I have mixed feelings on this. On one hand, it would have been nice had we 
started with JMX. But changing everything around now has some downsides:

First, I disagree with your assertion that there are no management tools 
depending on the existing RPCs. Our products at Cloudera definitely do depend 
on them, and there are also various APIs inside DistributedFileSystem which 
would probably be classified as admin.

In terms of handling those APIs, we'd end up having to use a remote JMX client 
in order to access the cluster. This is problematic in that it would use an 
entirely separate authentication system from Hadoop RPC -- I don't know a ton 
about JMX, but it appears to be user/password based? This begs the question of 
how it should be configured, how one deals with the case where multiple users 
should be able to admin the cluster, how to centrally manage it, etc. We've 
already solved these problems (at least partially) with the existing auth 
schemes and RPC, and we'd have to solve them again for JMX.

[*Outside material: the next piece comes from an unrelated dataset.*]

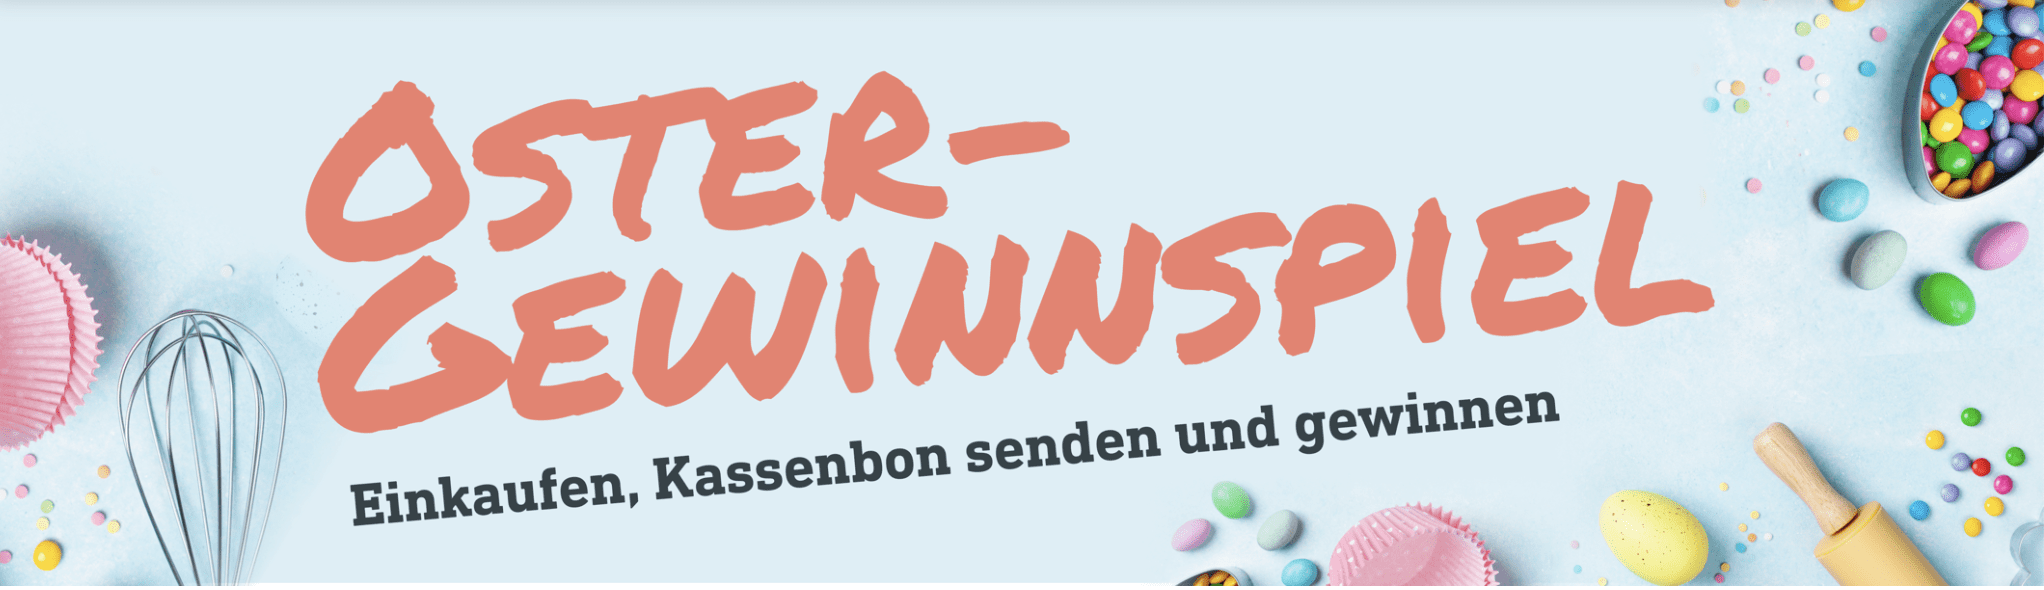 case_diska Oster-Gewinnspiel – Einkaufen, Kassenbon senden, gewinnen

As for cross-version compatibility, I think pulling in a forward-compatible 
protobuf implementation into branch-1 would actually be a similar (or less) 
amount of work compared to overhauling all of the admin functionality to JMX, 
and would have the other major advantage that we could potentially get some 
basic client compatibility between hadoop 1 and 2, if someone were to do the 
infrastructure work.

Lastly, though JMX is a standard, in my experience there isn't "wide client 
support". Most of the tooling I've found around JMX is pretty bad, to be 
honest, especially if you have management tools in languages other than Java. 
For example, googling "python jmx client", the only methods I can find involve 
putting a JMX-HTTP gateway on the server side, which means we're not really 
getting a ton of mileage anyway.
                
> Change management protocol to JMX
> ---------------------------------
>
>                 Key: HADOOP-9160
>                 URL: https://issues.apache.org/jira/browse/HADOOP-9160
>             Project: Hadoop Common
>          Issue Type: Improvement
>            Reporter: Luke Lu
>
> Currently we use Hadoop RPC (and some HTTP, notably fsck) for admin 
> protocols. We should consider moving all admin protocols to JMX, as it's the 
> industry standard for java server management with wide client support.
> Having an alternative/redundant RPC mechanism is very desirable for admin 
> protocols. I've seen in the past in multiple cases, where NN and/or JT RPC 
> were locked up solid due to various bugs and/or RPC thread pool exhaustion, 
> while HTTP and/or JMX worked just fine.
> Other desirable benefits include admin protocol backward compatibility and 
> introspectability, which is convenient for a centralized management system to 
> manage multiple Hadoop clusters of different versions. Another notable 
> benefit is that it's much easier to implement new admin commands in JMX 
> (especially with MXBean) than Hadoop RPC, especially in trunk (and 0.23+, 
> 2.x).
> Since Hadoop RPC doesn't guarantee backward compatibility (probably not ever 
> for branch-1), there are no external management tools depending on it. We can 
> maintain a practical backward compatibility by keeping the admin 
> script/command line interface unchanged.